# Exercise goal
With the pictures left out, retype exactly the lines below starting at the line that contains "Al supermercato: prendete" and ending at the line that contains "Blue Joshua Knit".

# Material provided
______
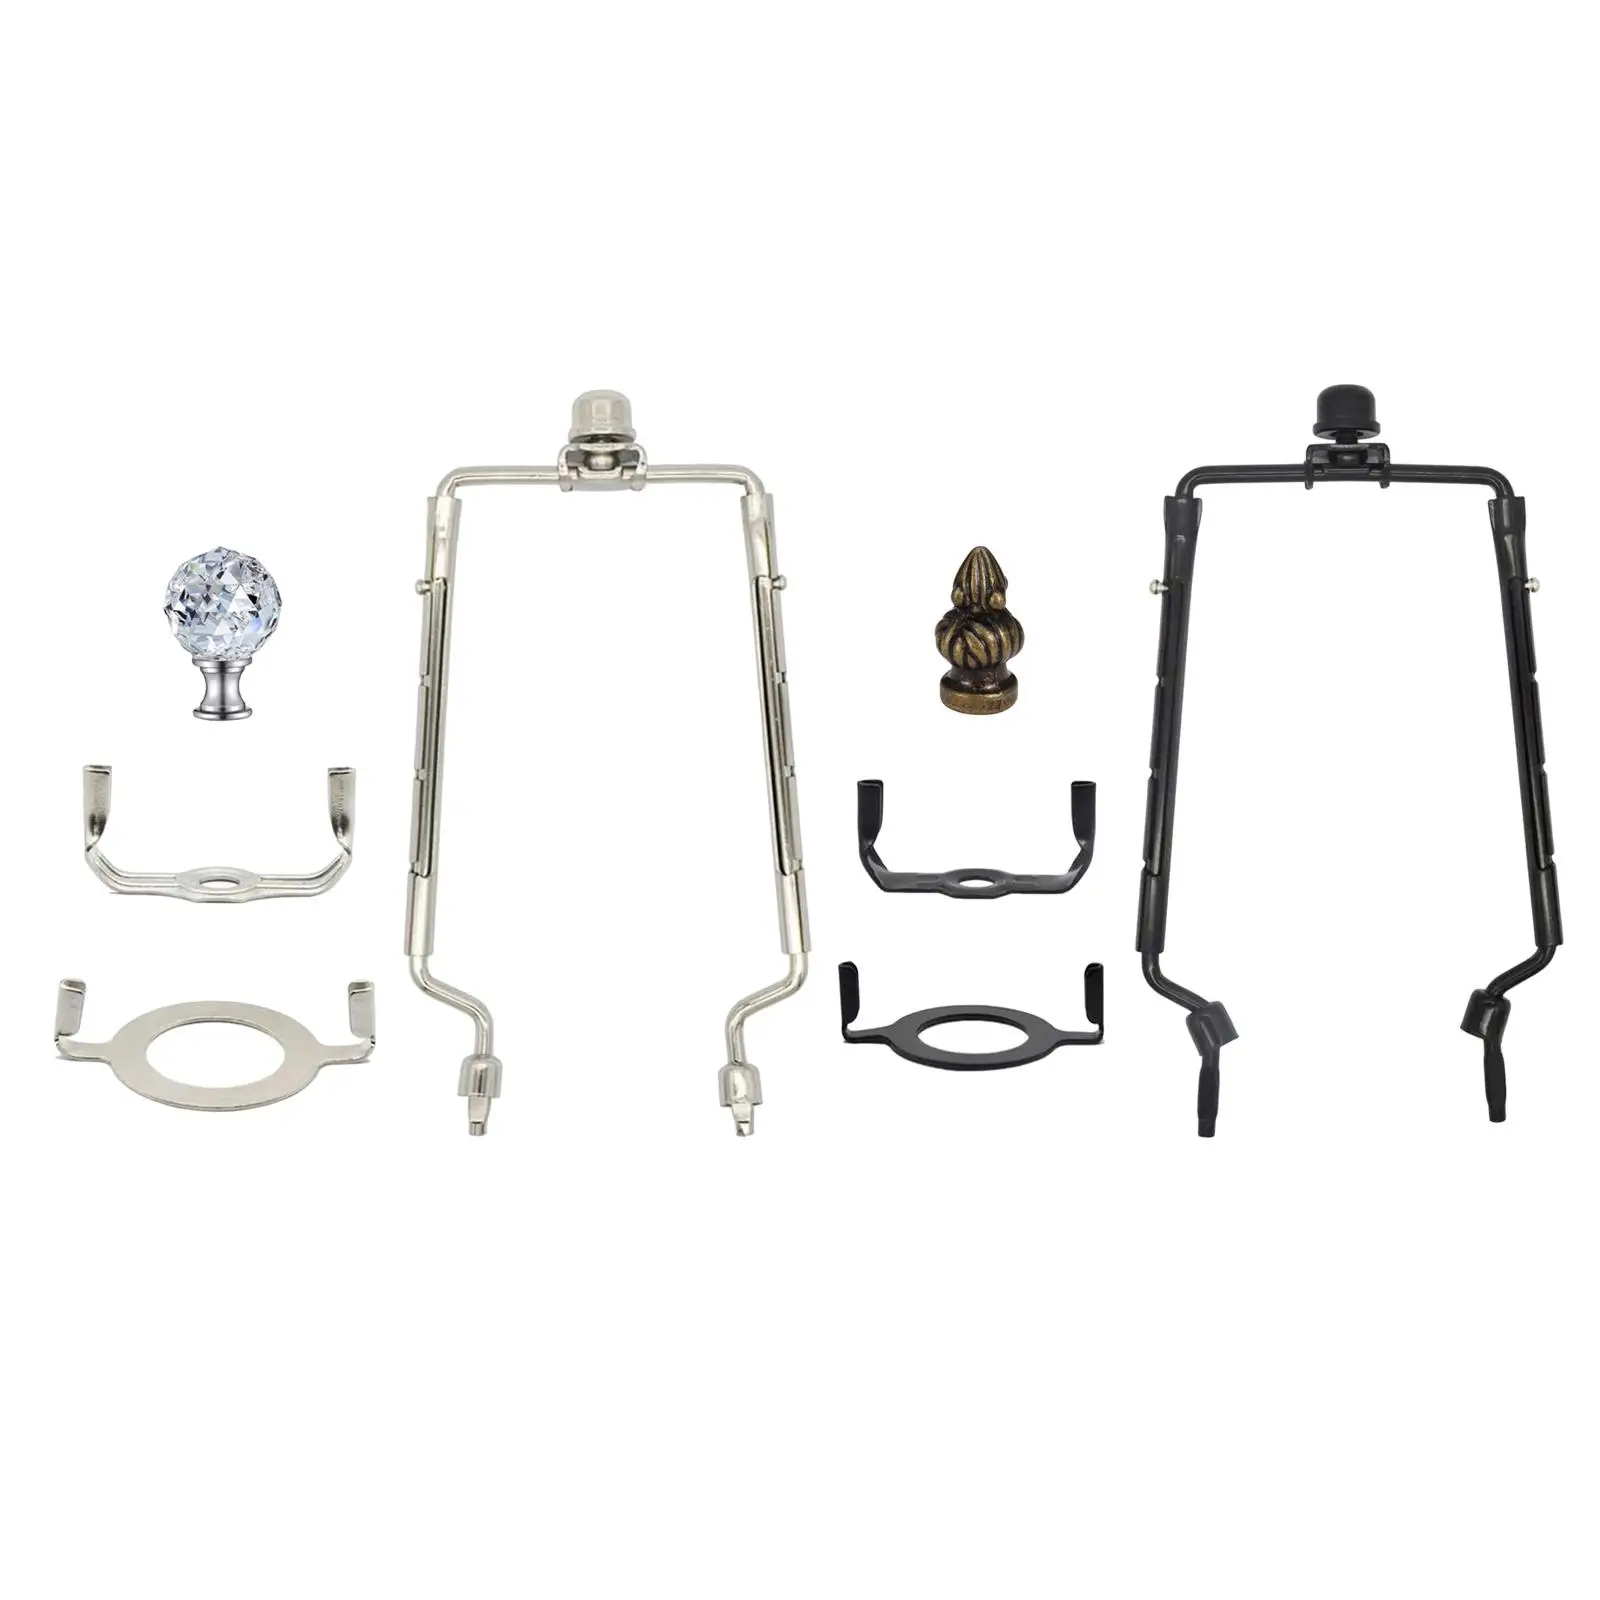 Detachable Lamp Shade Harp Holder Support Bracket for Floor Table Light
______
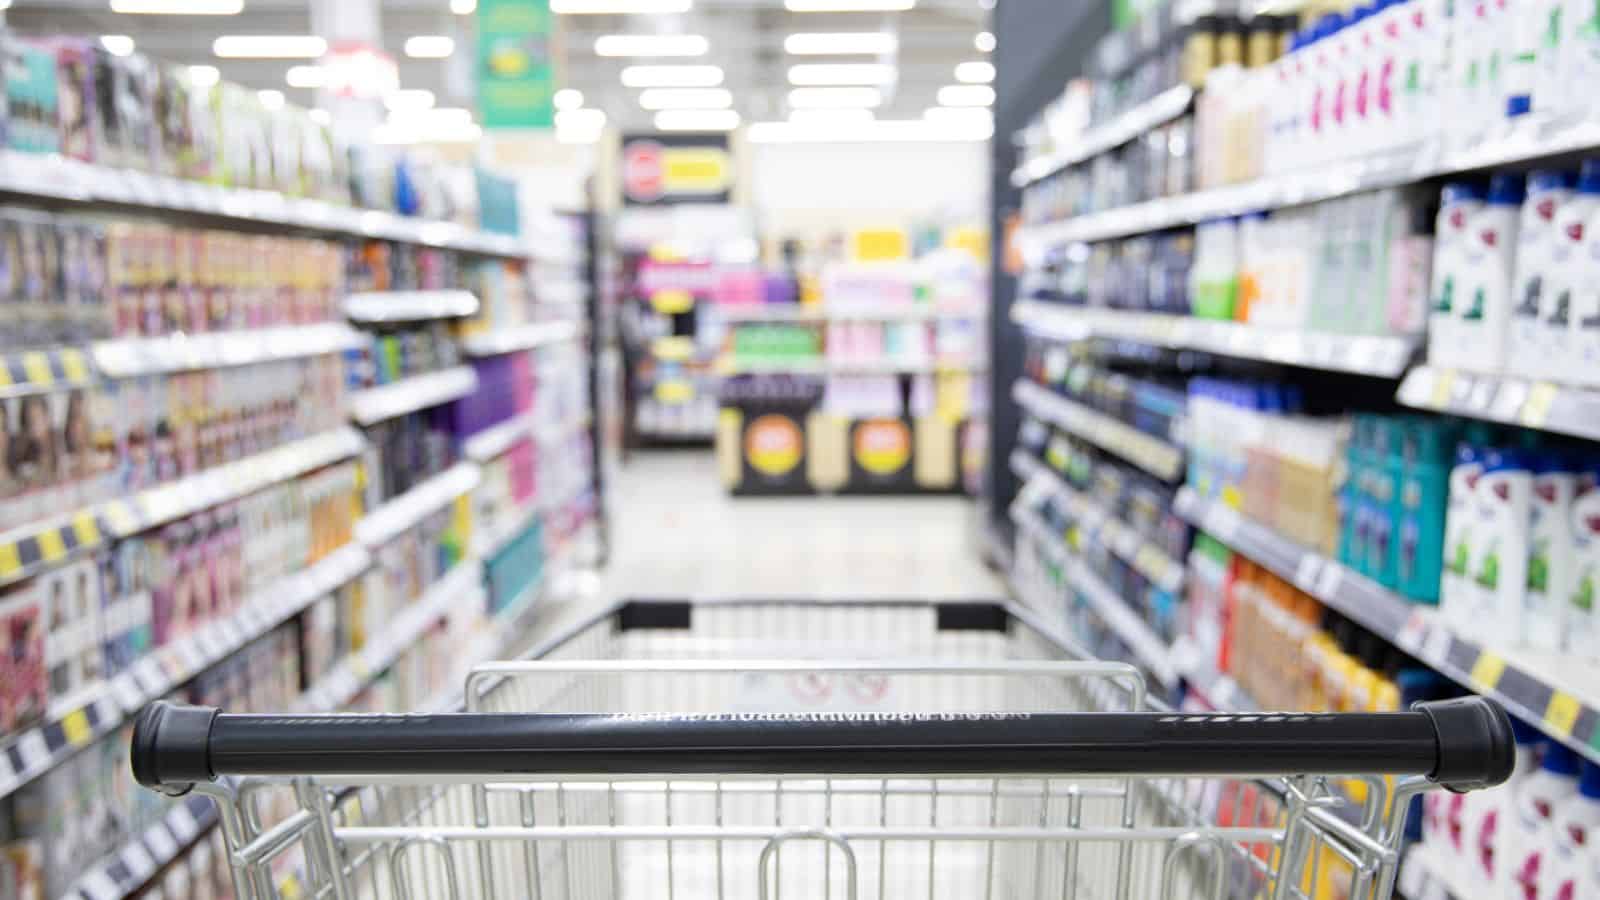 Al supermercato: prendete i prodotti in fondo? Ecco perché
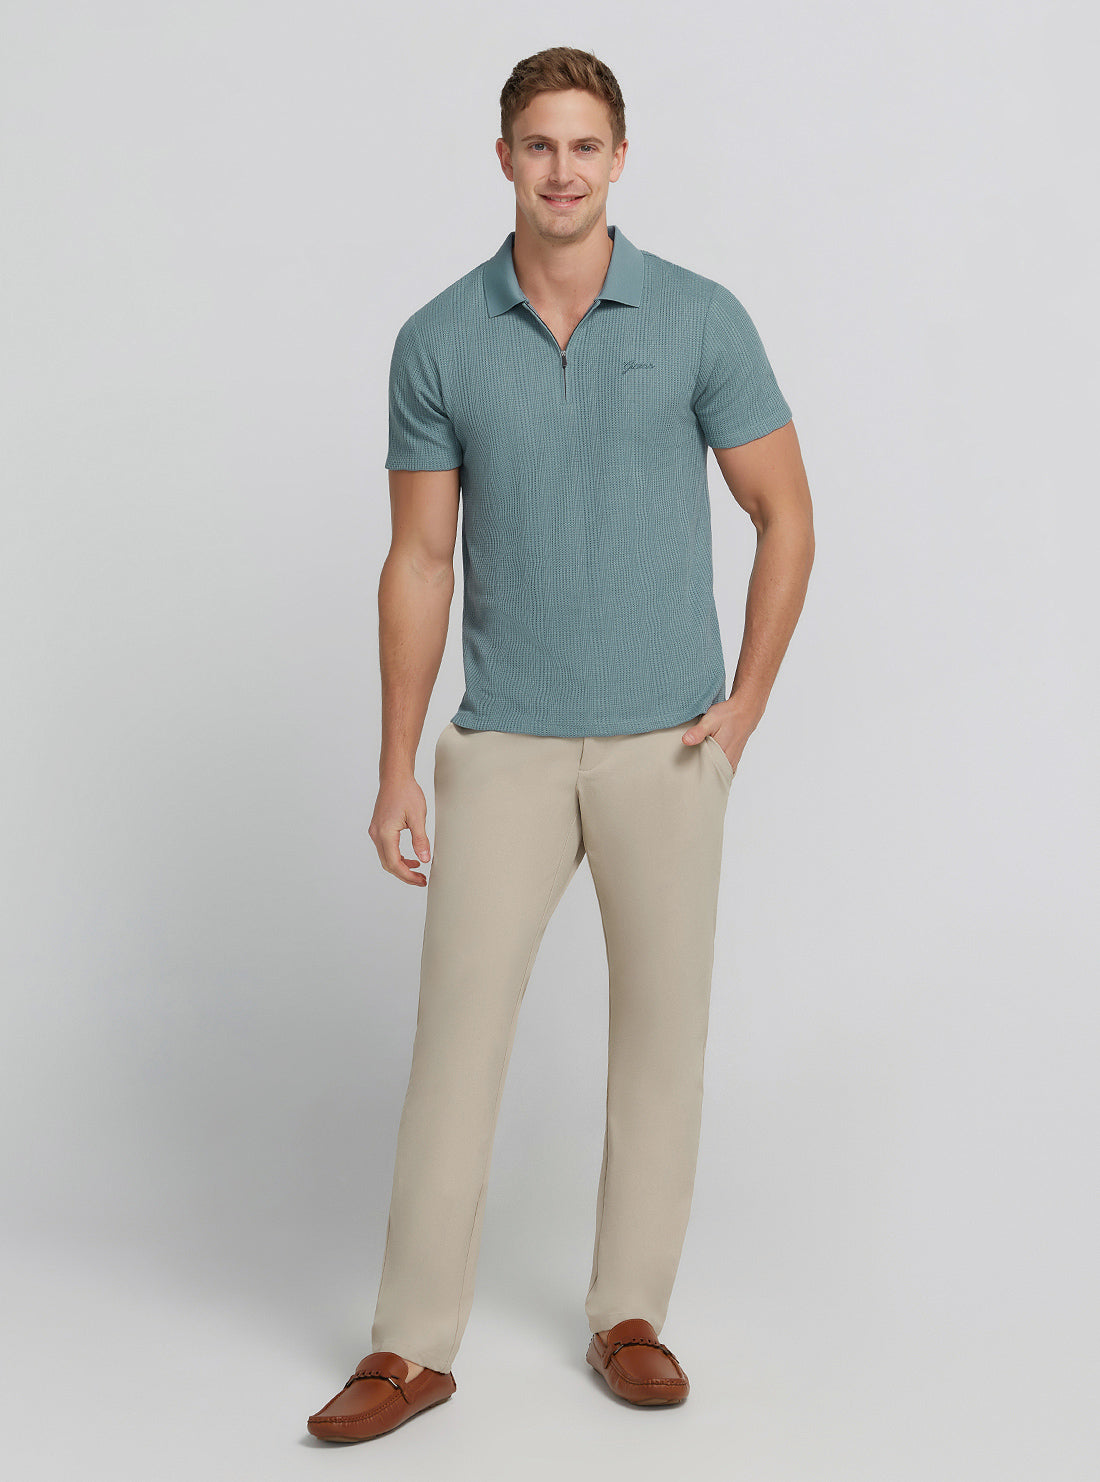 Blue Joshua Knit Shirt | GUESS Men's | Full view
______
# Written reply
 Al supermercato: prendete i prodotti in fondo? Ecco perché
 Blue Joshua Knit Shirt | GUESS Men's | Full view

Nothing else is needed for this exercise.